#### Supplied data

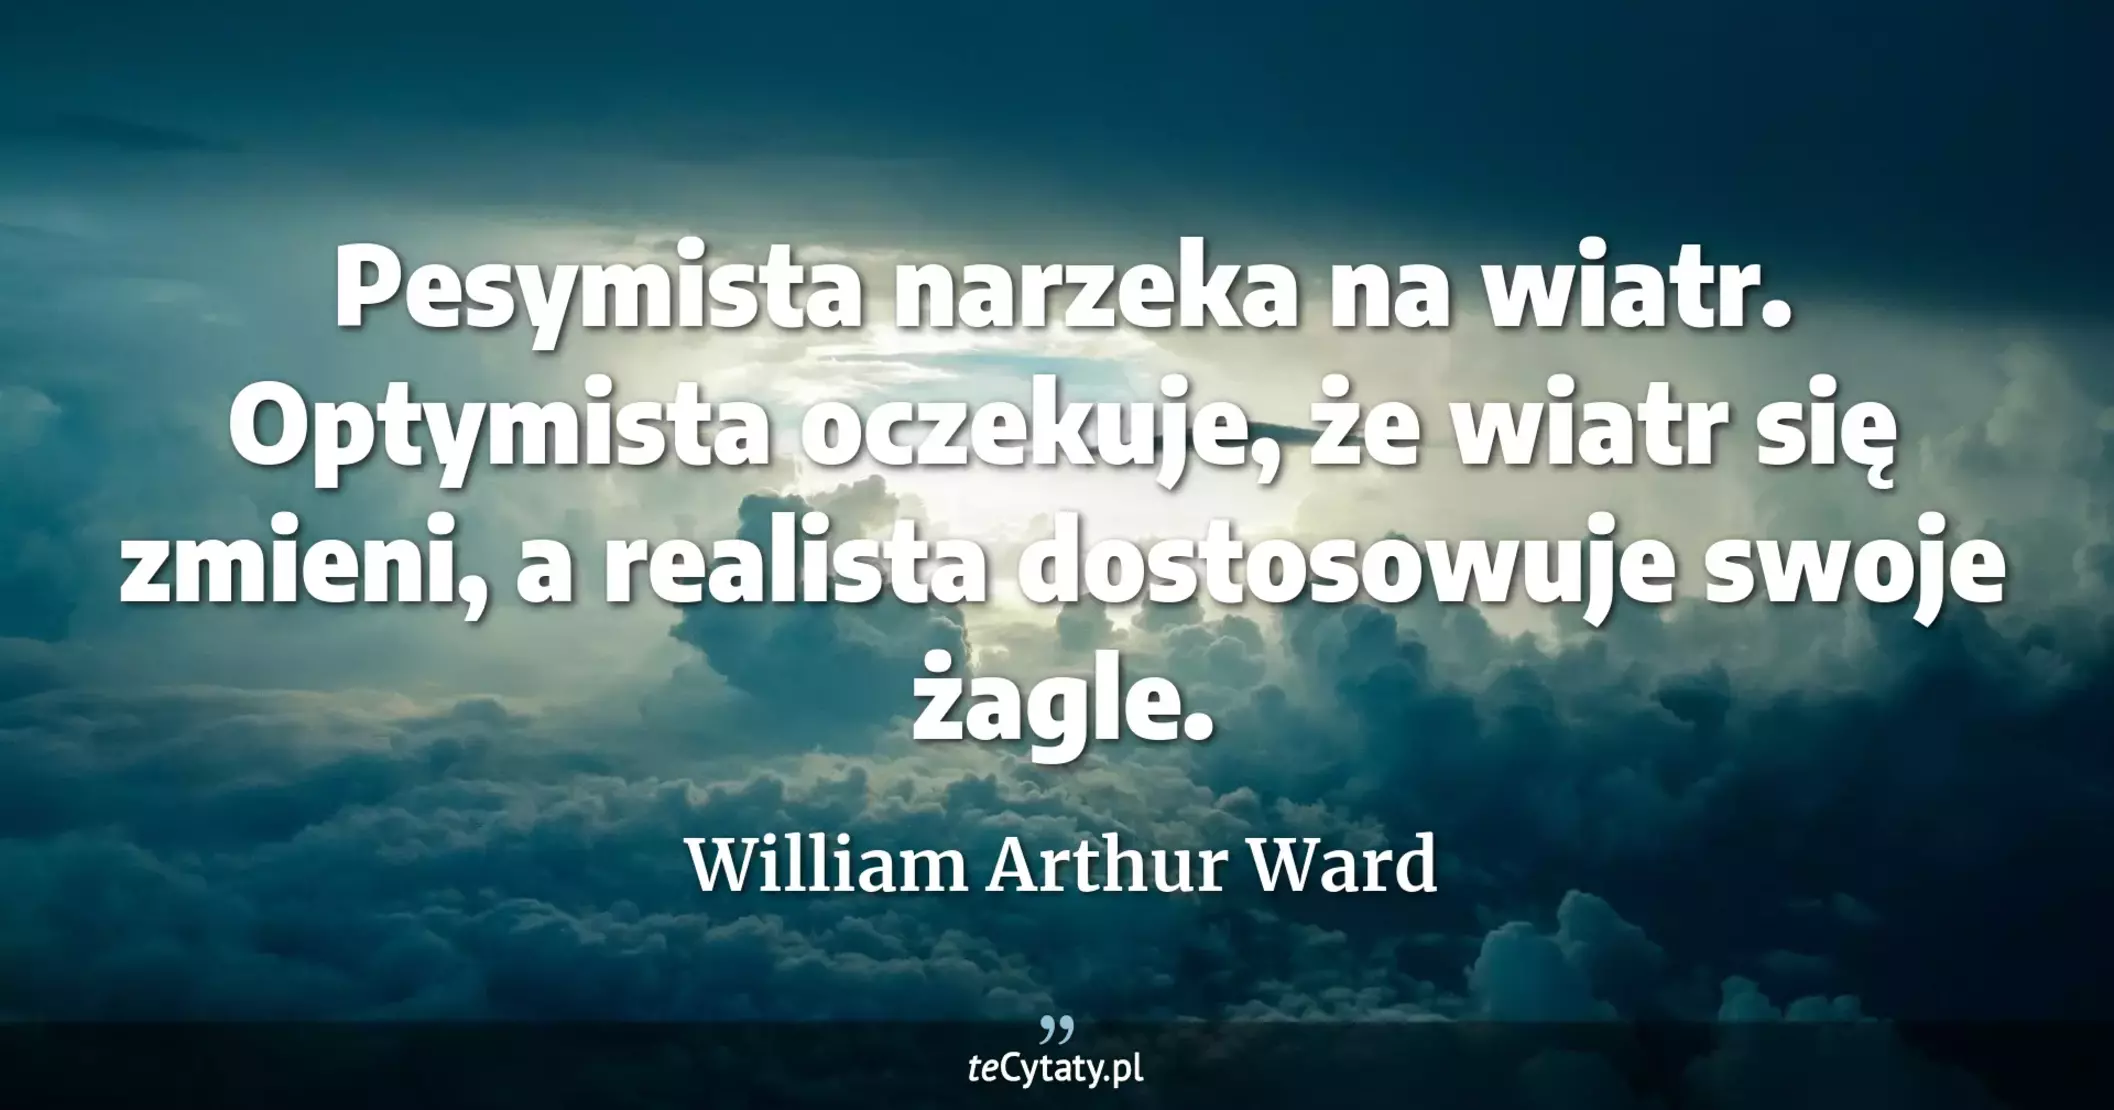 Pesymista narzeka na wiatr. Optymista oczekuje, że wiatr się zmieni, a realista dostosowuje swoje żagle. - William Arthur Ward
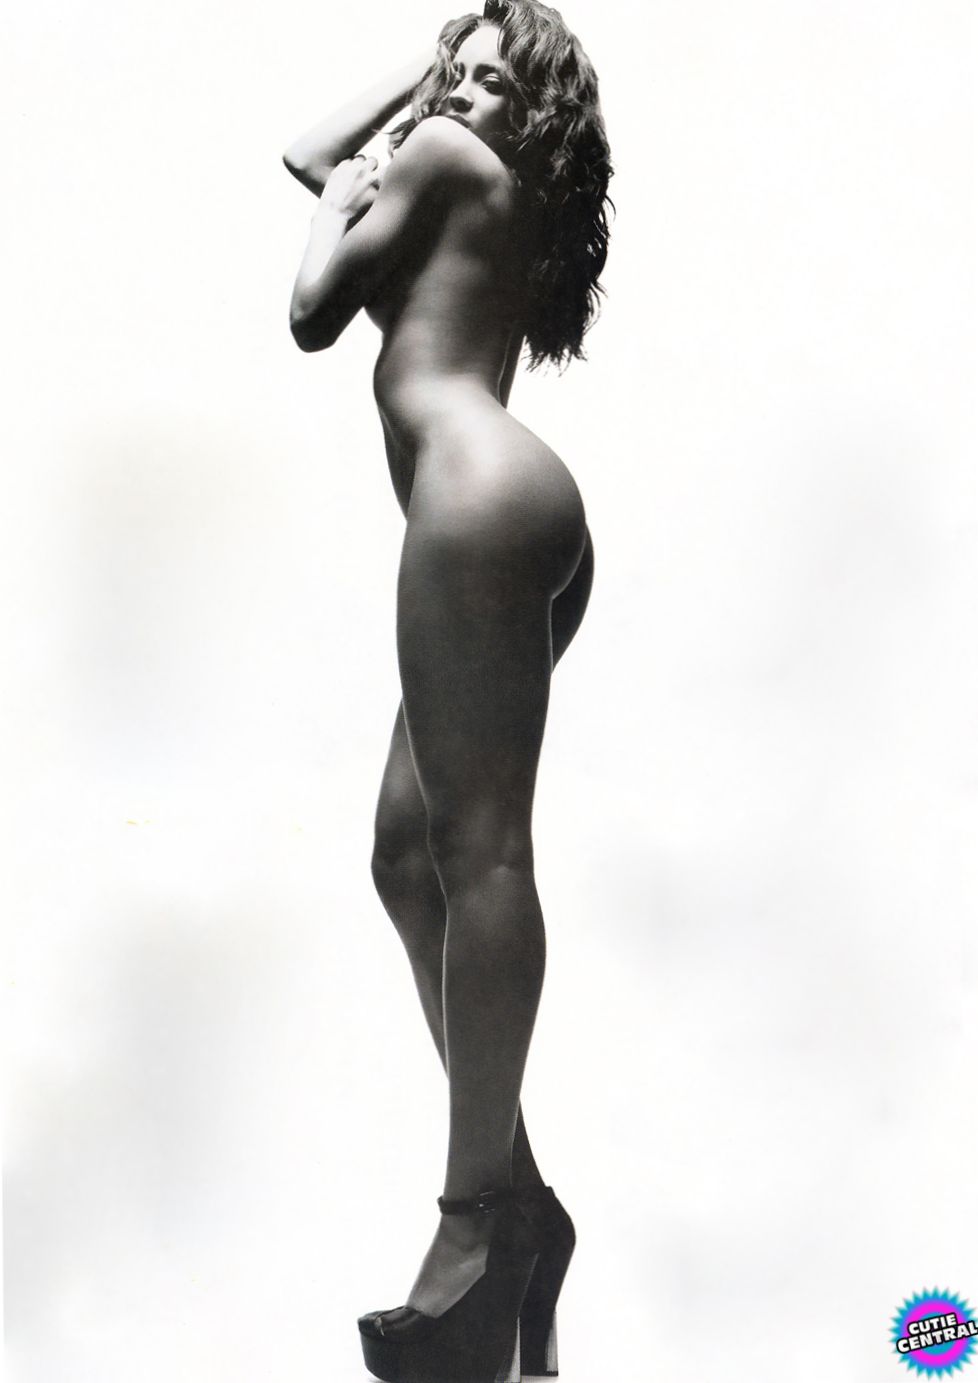 Ciara In The Nude 100
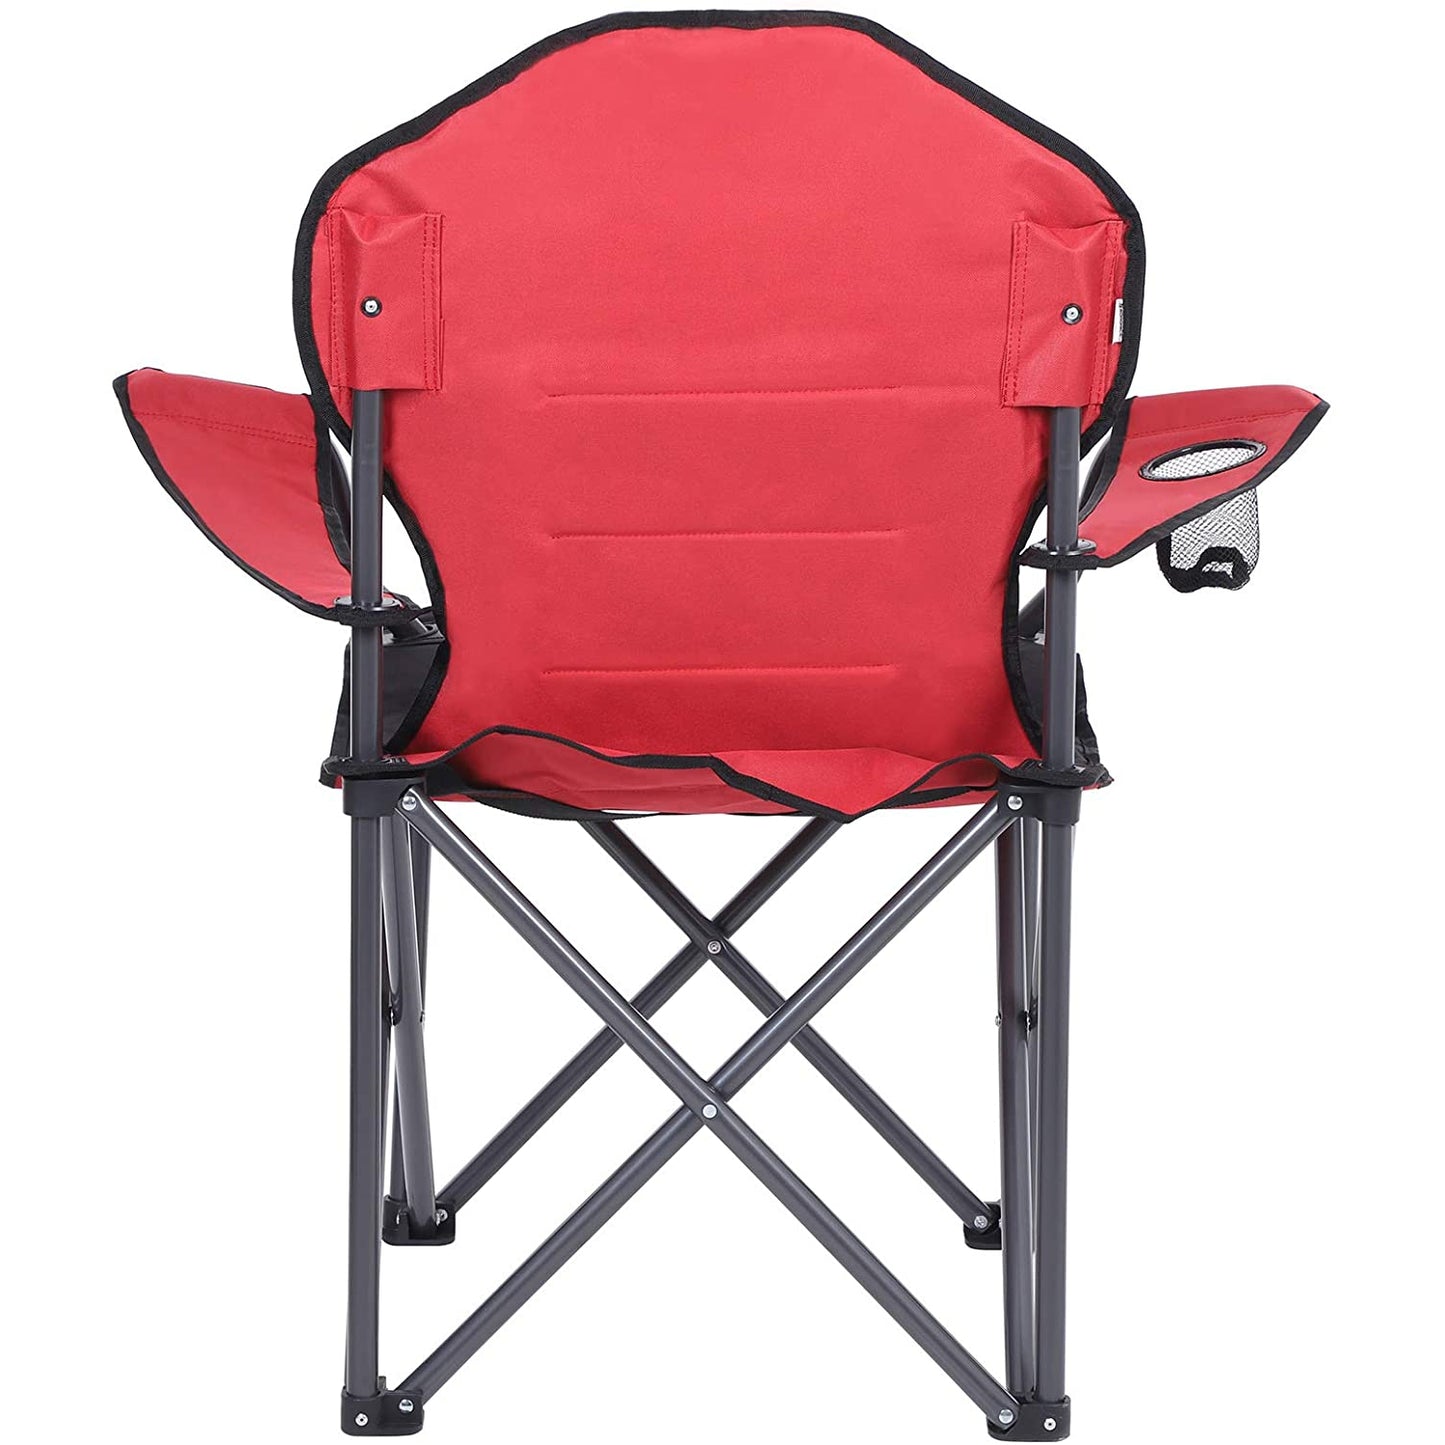 Chaise de camping Nancy's Foley - Chaise pliante - Porte-bouteille - Extérieur - Mousse - Rouge - Noir - Fer - Tissu - 90 x 55 x 102 cm
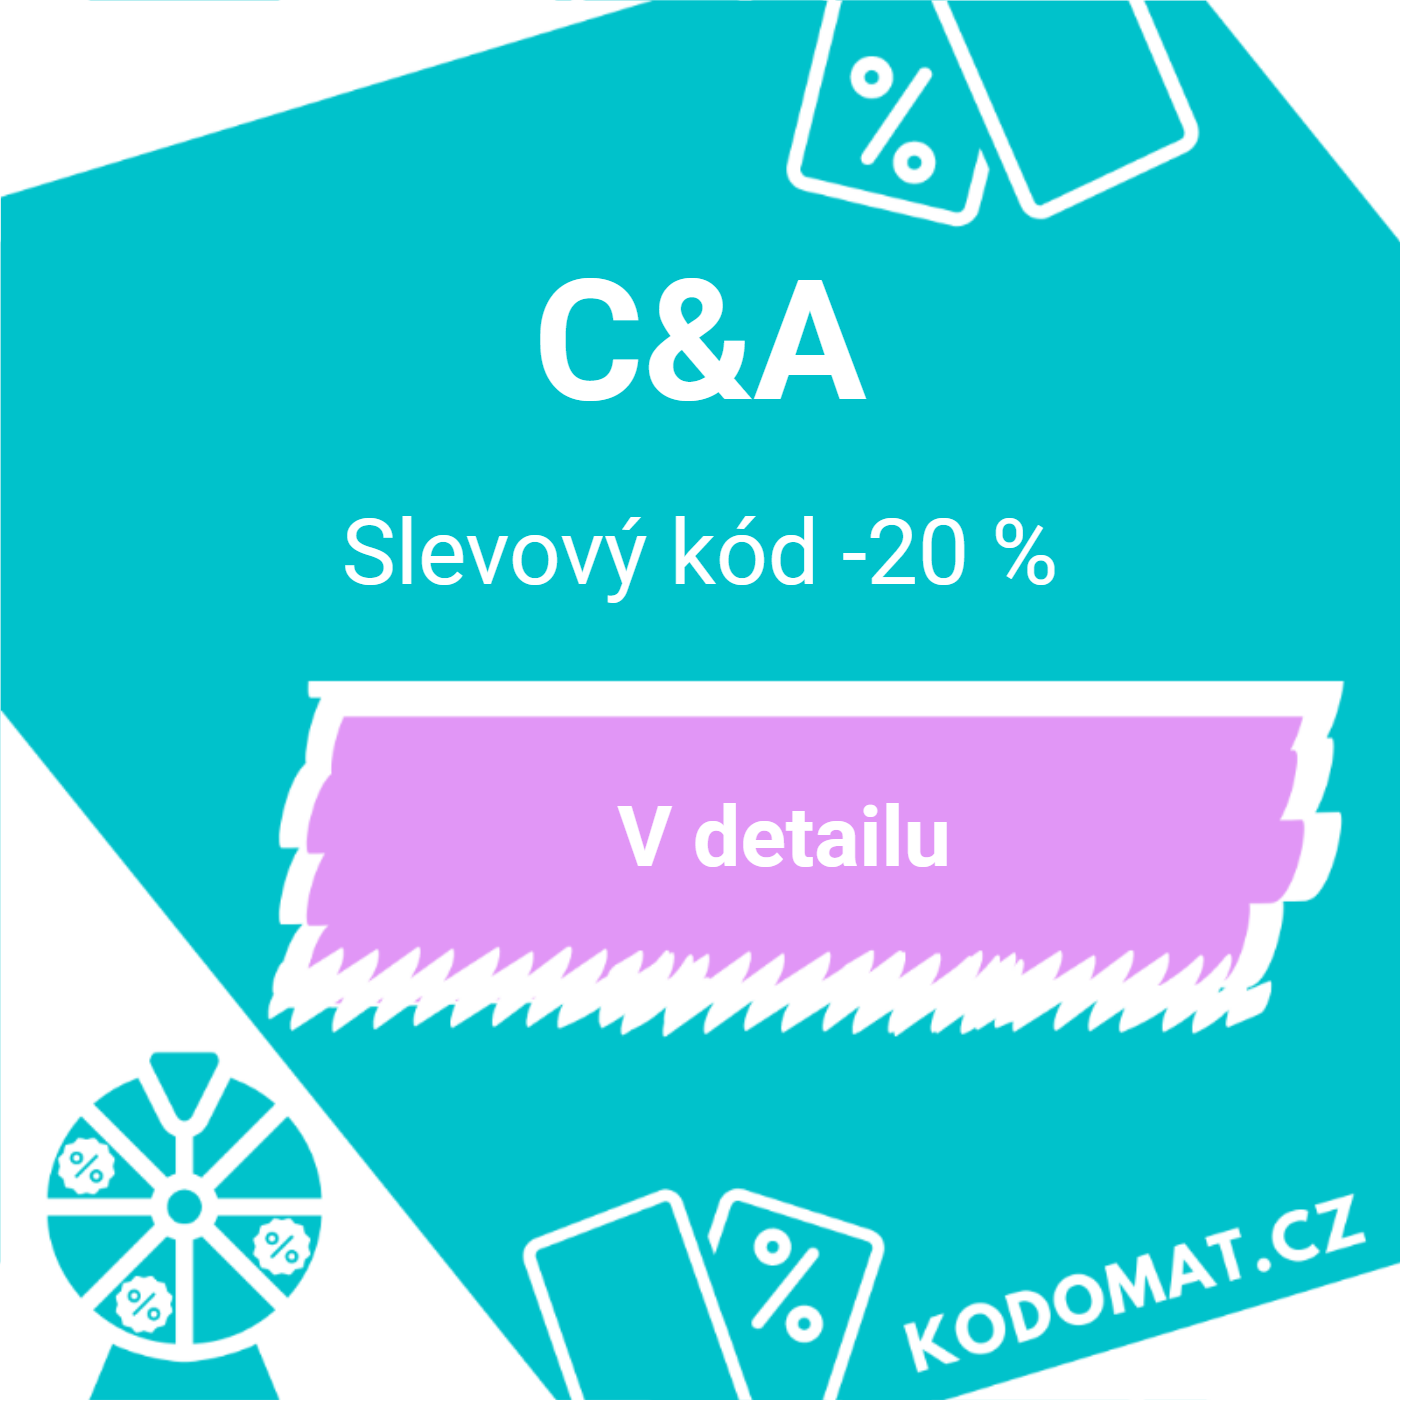 C&A sleva: Slevový kód -20 %

########

Please output every line of the listing as it stands, and omit its images.

Solved exercise:
 Pesymista narzeka na wiatr. Optymista oczekuje, że wiatr się zmieni, a realista dostosowuje swoje żagle. - William Arthur Ward
 Ciara In The Nude 100
 Chaise de camping Nancy's Foley - Chaise pliante - Porte-bouteille - Extérieur - Mousse - Rouge - Noir - Fer - Tissu - 90 x 55 x 102 cm
 C&A sleva: Slevový kód -20 %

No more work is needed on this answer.